ВИНОГРАДОВ: Нам много раз предлагали выставляться, но мы все уклонялись. В самом названии «Ретроспектива» есть что-то грустное. Потом, у нас же много картин, как все их собрать?

ДУБОСАРСКИЙ: Да и смысла особого в этом не видели.

ГОР: Отчего же — посмотреть на все, что сделано, оценить. Это может дать новый толчок в развитии.

ВИНОГРАДОВ: Для того чтобы оценить, мы сделали большой каталог.

ГОР: Но есть же разница между каталогом и выставкой!

ДУБОСАРСКИЙ: Для нас нет. Вон в Ермолаевском (в Московском музее современного искусства. — Interview) каждые три месяца идут ретроспективы. В каком-то смысле это уже стало банальностью, но все продолжают делать «отчеты».

ВИНОГРАДОВ: У нас около 500 картин. Какие-то лучше, какие-то хуже. Но как поделить их на плохие и хорошие? Непонятно. Повесить все 500?

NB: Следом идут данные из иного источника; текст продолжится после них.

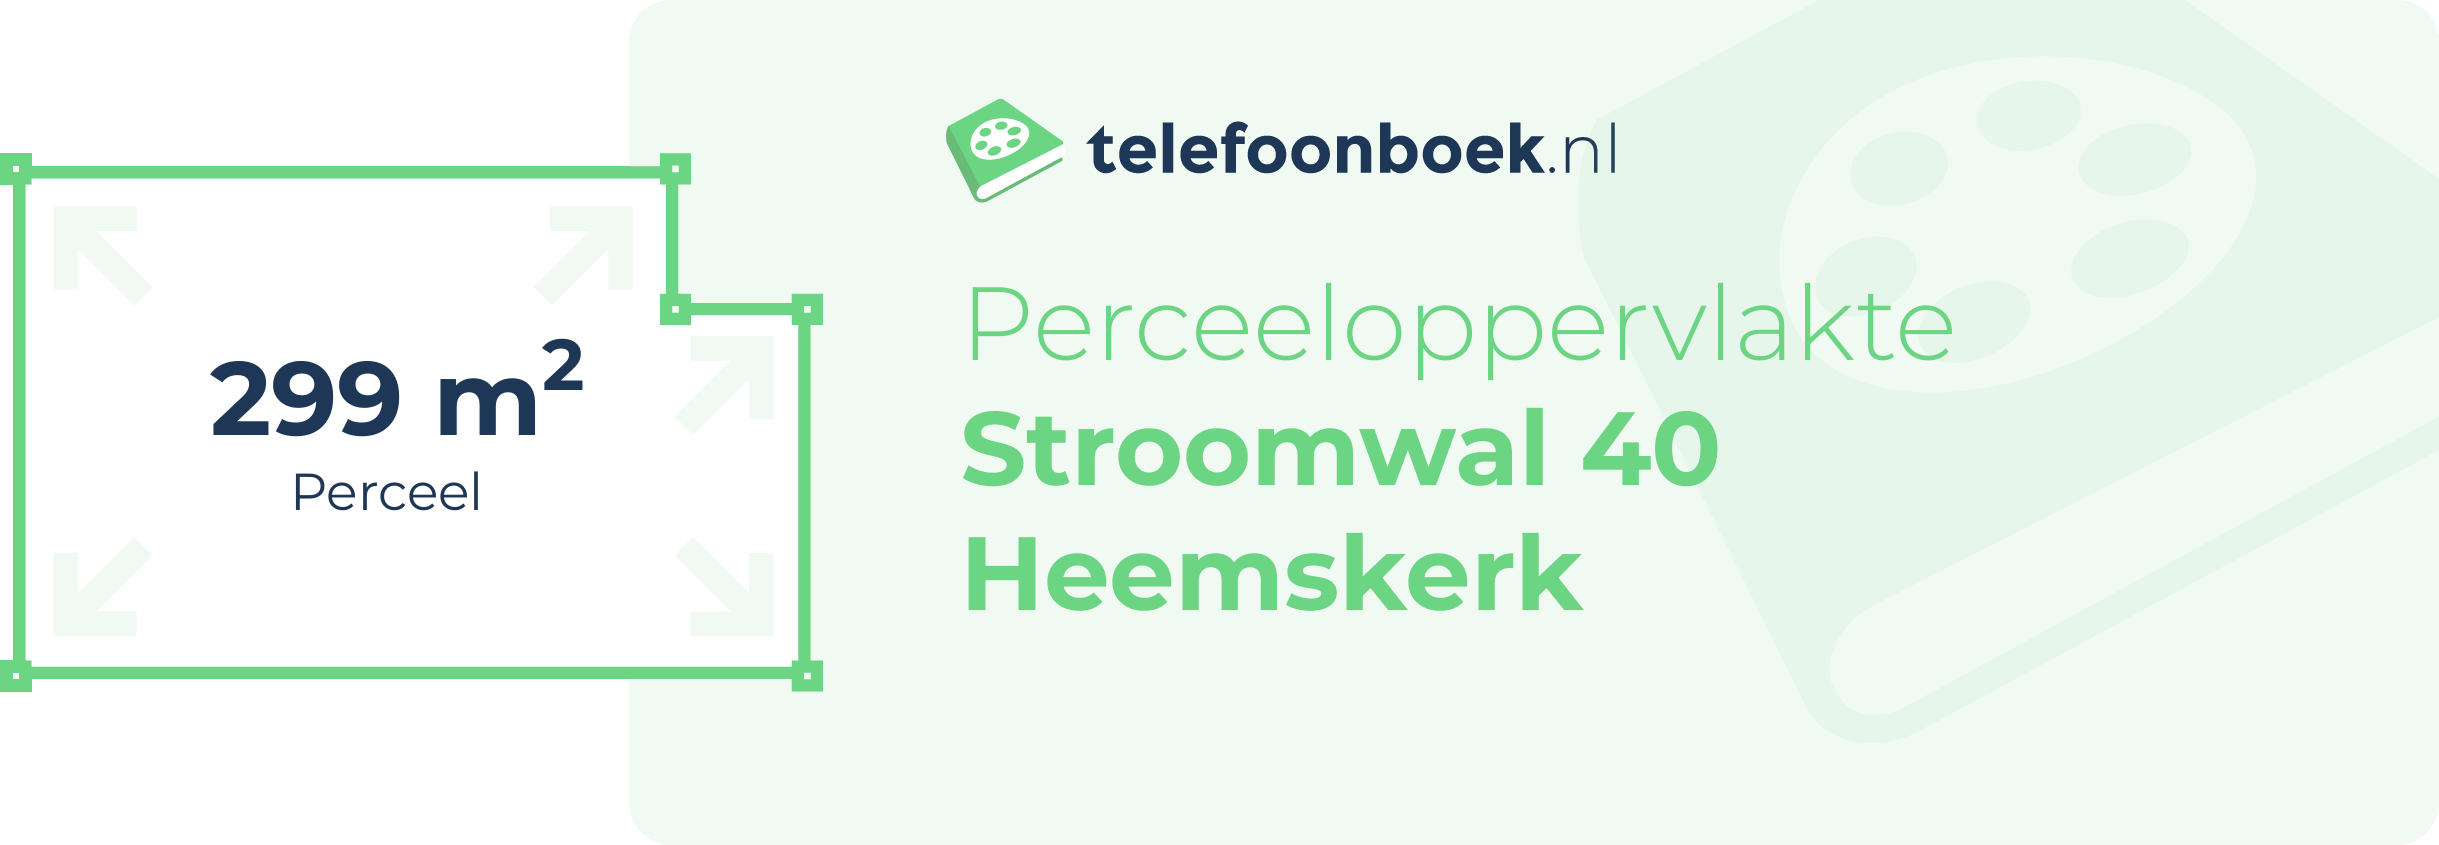 Perceeloppervlakte Stroomwal 40 Heemskerk

ДУБОСАРСКИЙ: Наша сегодняшняя «Ретроспектива» собрана не из хитов, а из обломков, кусков, которые вообще никто не видел. Например, вот эти розы. Одно время мы с нашим общим знакомым безуспешно пытались сделать арт-клуб «Малевич». Имени называть не стану, зачем пиарить такого человека.

ГОР: Да уж. Это моя вина, я же вас тогда познакомил.

ДУБОСАРСКИЙ: Просто мы в этом ничего не понимаем. А тем, в чем ты не разбираешься, заниматься нельзя. Потому что тот, кто разбирается и нечист на руку, всегда обманет. Но дело даже не в этом. Для того проекта мы решили нарисовать попсовые такие розы. А поскольку тот клуб так и не открылся, теперь наши розы 3×4 метра — вообще непонятно что такое.

ГОР (показывает на картину): А эти точки потом появились? У Кабакова было что-то похожее.

ДУБОСАРСКИЙ: И у Кабакова, и у Злотникова были похожие сигналы — задолго до Херста. Мы решили, что этот проект носит терапевтический характер. С одной стороны, мы закрываем кармическую дыру и освобождаемся от груза прошлого, с другой же, он терапевтический для самих картин — разных по времени, строю и истории. Какие-то мы переписали, какие-то изменили, закрасили.

ВИНОГРАДОВ: А часть просто оставили как есть.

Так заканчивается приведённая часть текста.